Complete step by step answer:
We have to solve: \[\int\limits_0^{\dfrac{\pi }{2}} {\dfrac{{dx}}{{5 + 4\cos x}}} \]
Let us consider the given integral as,
\[I = \int\limits_0^{\dfrac{\pi }{2}} {\dfrac{{dx}}{{5 + 4\cos x}}} {\text{ }} - - - \left( i \right)\]
Now we know that
\[\cos x = \dfrac{{1 - {{\tan }^2}\dfrac{x}{2}}}{{1 + {{\tan }^2}\dfrac{x}{2}}}\]
Therefore equation \[\left( i \right)\] becomes,
\[I = \int\limits_0^{\dfrac{\pi }{2}} {\dfrac{{dx}}{{5 + 4\left( {\dfrac{{1 - {{\tan }^2}\dfrac{x}{2}}}{{1 + {{\tan }^2}\dfrac{x}{2}}}} \right)}}} {\text{ }} - - - \left( A \right)\]
Now let us assume
\[\tan \dfrac{x}{2} = t{\text{ }} - - - \left( {ii} \right)\]
As we know that
\[\dfrac{d}{{dx}}\left( {\tan x} \right) = {\sec ^2}x\]
So, by differentiating both the sides of equation \[\left( {ii} \right)\] w.r.t \[x\] we get
\[\dfrac{1}{2}{\sec ^2}\dfrac{x}{2} = \dfrac{{dt}}{{dx}}\]
Now we know that
\[1 + {\tan ^2}x = {\sec ^2}x\]
Therefore, we get
\[\dfrac{1}{2}\left( {1 + {{\tan }^2}\dfrac{x}{2}} \right) = \dfrac{{dt}}{{dx}}\]
On multiplying by \[dx\] both sides, we get
\[\dfrac{1}{2}\left( {1 + {{\tan }^2}\dfrac{x}{2}} \right)dx = dt\]
\[ \Rightarrow dx = \dfrac{{dt}}{{\dfrac{1}{2}\left( {1 + {{\tan }^2}\dfrac{x}{2}} \right)}}\]
Now using equation \[\left( {ii} \right)\] we get
\[ \Rightarrow dx = \dfrac{{dt}}{{\dfrac{1}{2}\left( {1 + {t^2}} \right)}}\]
\[ \Rightarrow dx = \dfrac{{2dt}}{{\left( {1 + {t^2}} \right)}}{\text{ }} - - - \left( {iii} \right)\]
Now as we change the variable \[x\] from \[t\] we need to change the limits of \[x\] to the limits of \[t\] as well
So, when \[x = 0\]
\[ \Rightarrow t = \tan 0 = 0\]
And when \[x = \dfrac{\pi }{2}\]
\[ \Rightarrow t = \tan \left( {\dfrac{{\dfrac{\pi }{2}}}{2}} \right) = \tan \left( {\dfrac{\pi }{4}} \right) = 1\]

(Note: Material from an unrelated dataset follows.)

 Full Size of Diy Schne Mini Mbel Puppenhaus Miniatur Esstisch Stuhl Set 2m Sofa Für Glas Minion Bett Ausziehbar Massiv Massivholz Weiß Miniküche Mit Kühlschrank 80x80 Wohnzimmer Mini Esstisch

Thus, we get the limits from \[0\] to \[1\]
Now, substituting the values from equation \[\left( {ii} \right)\] and equation \[\left( {iii} \right)\] in equation \[\left( A \right)\] with the new limits we get
\[I = \int\limits_0^1 {\dfrac{{\dfrac{{2dt}}{{\left( {1 + {t^2}} \right)}}}}{{5 + 4\left( {\dfrac{{1 - {t^2}}}{{1 + {t^2}}}} \right)}}} {\text{ }}\]
On taking L.C.M we get
\[I = \int\limits_0^1 {\dfrac{{\dfrac{{2dt}}{{\left( {1 + {t^2}} \right)}}}}{{\dfrac{{5\left( {1 + {t^2}} \right) + 4\left( {1 - {t^2}} \right)}}{{\left( {1 + {t^2}} \right)}}}}} {\text{ }}\]
On cancelling \[\left( {1 + {t^2}} \right)\] we get
\[I = \int\limits_0^1 {\dfrac{{2dt}}{{5\left( {1 + {t^2}} \right) + 4\left( {1 - {t^2}} \right)}}} {\text{ }}\]
On solving the denominator, we get
\[I = \int\limits_0^1 {\dfrac{{2dt}}{{{t^2} + 9}}} {\text{ }}\]
We know that
\[\int {axdx} = a\int {xdx} \] where \[a\] is constant
Therefore, we get
\[I = 2\int\limits_0^1 {\dfrac{{dt}}{{{t^2} + 9}}} {\text{ }}\]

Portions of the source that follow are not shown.